I am trying to build an online judge for programming problems (like UVA OJ). When programs are judged, their efficiency (i.e. how fast they can process test inputs) need to be tested. However, in servers, the CPUs are usually very powerful and can run even badly coded programs really fast. Moreover, some programs may get more CPU when the traffic is low, and some programs may get less due to high traffic, which is unfair.
So I was wondering, is there a way to measure program efficiency regardless of which CPU it is running on? Maybe with some CPU cycle calculations or something like that?
Note:
So any Linux or PHP solution would be awesome.

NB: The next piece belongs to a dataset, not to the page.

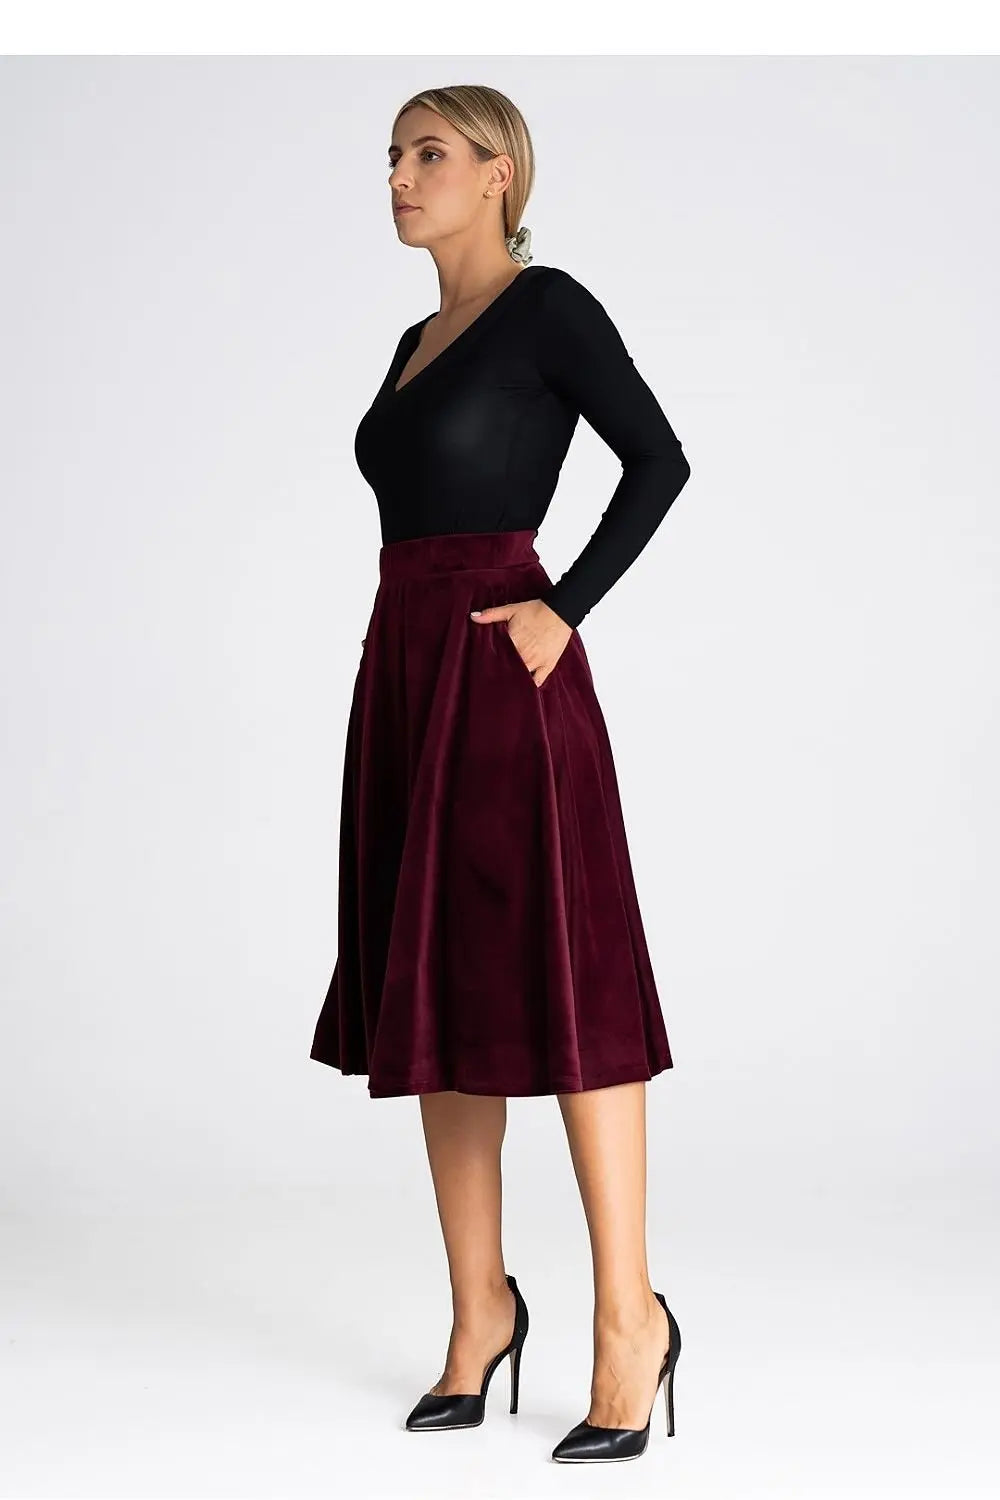 Elegant Trendy Style Midi-Skirt - Venus Trendy Fashion Online

Environment: As I understand your problem, you want to measure the performance of a program written by a test taker, and then you want to be able to compare that performance against either a reference or against other test taker programs. These programs will run on possibly different web servers. The test taker will access the testing program through a browser. The test takers will be distributed over some network (local to a lab? To a campus? To the world?). The test input is from a file. The expected runtime of the programs is <5 secs, with a median of 1 sec.
Metric: CPU time will not help you because it means different things depending upon the hardware. For example, let’s say you are comparing the performance of the same CPU bound program on a Haswell generation Intel Xeon server, vs on a first generation Pentium. The execution of the same program is equally efficient but the one running on the Pentium has a much larger CPU time due to the hardware it is running on. Even if you got down to cycles (see PAPI), you’d have the same issue. The key is that you need to compare the performance of the programs (runtime) against some standard reference.
Solution: This is a possible solution. It is theoretically possible but may not be practical given web technology and limits. You create a standard reference program (std_pgm), and then run it simultaneously with the test taker’s program (tt_pgm). The key is ‘simultaneously’. You want both tt_pgm and your std_pgm to execute in the same environment (processor, OS, load, etc). Then you can compare relative performance in different environments.
Other issues: (a) You need to insure that the programs execute simultaneously with the same background processes. They don’t necessarily have to run on the same core as long as the cores are equally loaded. (b) Try to minimize process setup time and file I/O times compared to the execution time of the programs. (c) Run the programs multiple times, ideally under the same single process. This serves two purposes: it is easier to compare tt_pgm and std_pgm, and it gives you a metric as to whether the execution environment of tt_pgm and std_pgm are the same. (If the performance of the tt_pgm compared to std_pgm varies significantly, it means something is happening in the background to one and not the other.)
I won’t guarantee this will work, but it seems reasonable to me.